PART #1: MONEY a.k.a Handling Price Objections
This series goes into why “objections” are really just valid concerns, and dynamics to play with rather than make you feel deflated on the call.
When you're selling high-ticket, objections are a welcome sight. Courageously dig them up and expose them to the light of reason and compassion. How? Creating a safe space where questions/concerns are welcomed. And remember, you're here to help them make the right decision for them, not to make them buy from you. A couple of things to keep in mind:
The more you can release your attachment, the higher your conversion rates will be, because now you can be fully present, instead of being distracted by your own “hidden agendas.”
Often, what shows up as a concern, or “objection” is your potential client missing a piece of information. All of that is easily fixed by asking them, “is there anything you'd like to ask me about [your project/package/program]?”
And there's no such thing as “objections.” They're either valid concerns that simply need to be addressed, questions that need answers, or dynamics for us to dance with. That's it. Changing the language around this stuff matters.

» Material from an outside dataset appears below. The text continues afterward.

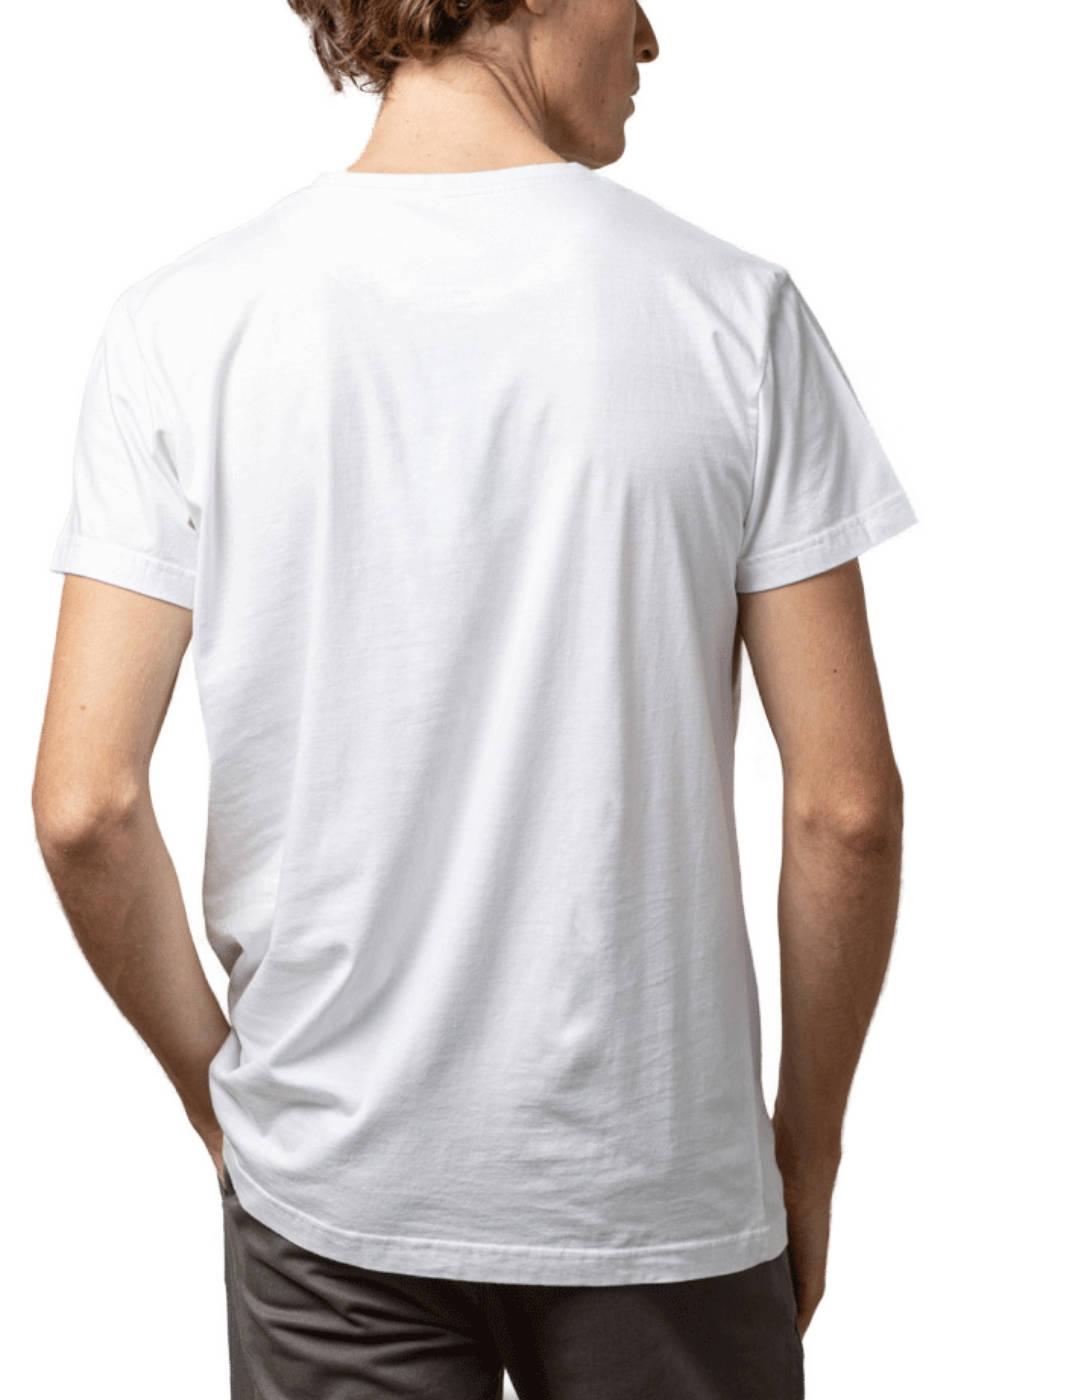 Camiseta Scotta Fish organic blanco manga corta para hombre

Today, we're diving into concerns around investment, and how to support your potential client in making the right decision for them.
THE TRUTH ABOUT THE “MONEY OBJECTION”
So many women I know clam up when they hear the famous “sorry, that's just too much money” objection, and their brain screams “ABORT MISSION, ABORT MISSION!”
But in reality, that's probably because you know you're treading on thin ice, and you don't want to push people into making decisions that are not financially supportive. You care, that's good!
Here's what I've done over the last few hundred sales calls I've done, and I hear consistently that women feel guided, but never pushed by this process.
It's because I don't judge. I never pull any manipulative tricks (because it's wrong, but also because it'll backfire the shit out of you), and I trust my potential clients to make sound financial decisions.
When this concern shows up, here's my first course of action:
Don't shame the potential client – EVER.
Confirm that concerns about money are real, and that you totally respect that they are choosing to make wise decisions around money. Then, proceed to ask them for their permission to ask them a couple of quick questions.
If you get their consent, and only if you do, here's what to do next:
Ask your potential client, “are you struggling to pay basic bills, or are you feeling some real discomfort accessing the financial leverage you've built?” If you get the sense they don't quite know what you mean, give them an example. I'll give you an example right here :-)
Many women I know are way more financially conservative than men. And I've talked to many potential clients who did have savings and access to money but felt frozen about accessing it.
In fact, I'm sometimes one of those women. I tend to be more conservative with my money than my husband Keith, and I literally needed him and our financial coach to tell me over and over again that “Merel, you literally have a million dollars in savings, get the team you need!”
You need to allow yourself, with their consent, to explore if they feel scared to spend their money or if they truly don't have enough right now.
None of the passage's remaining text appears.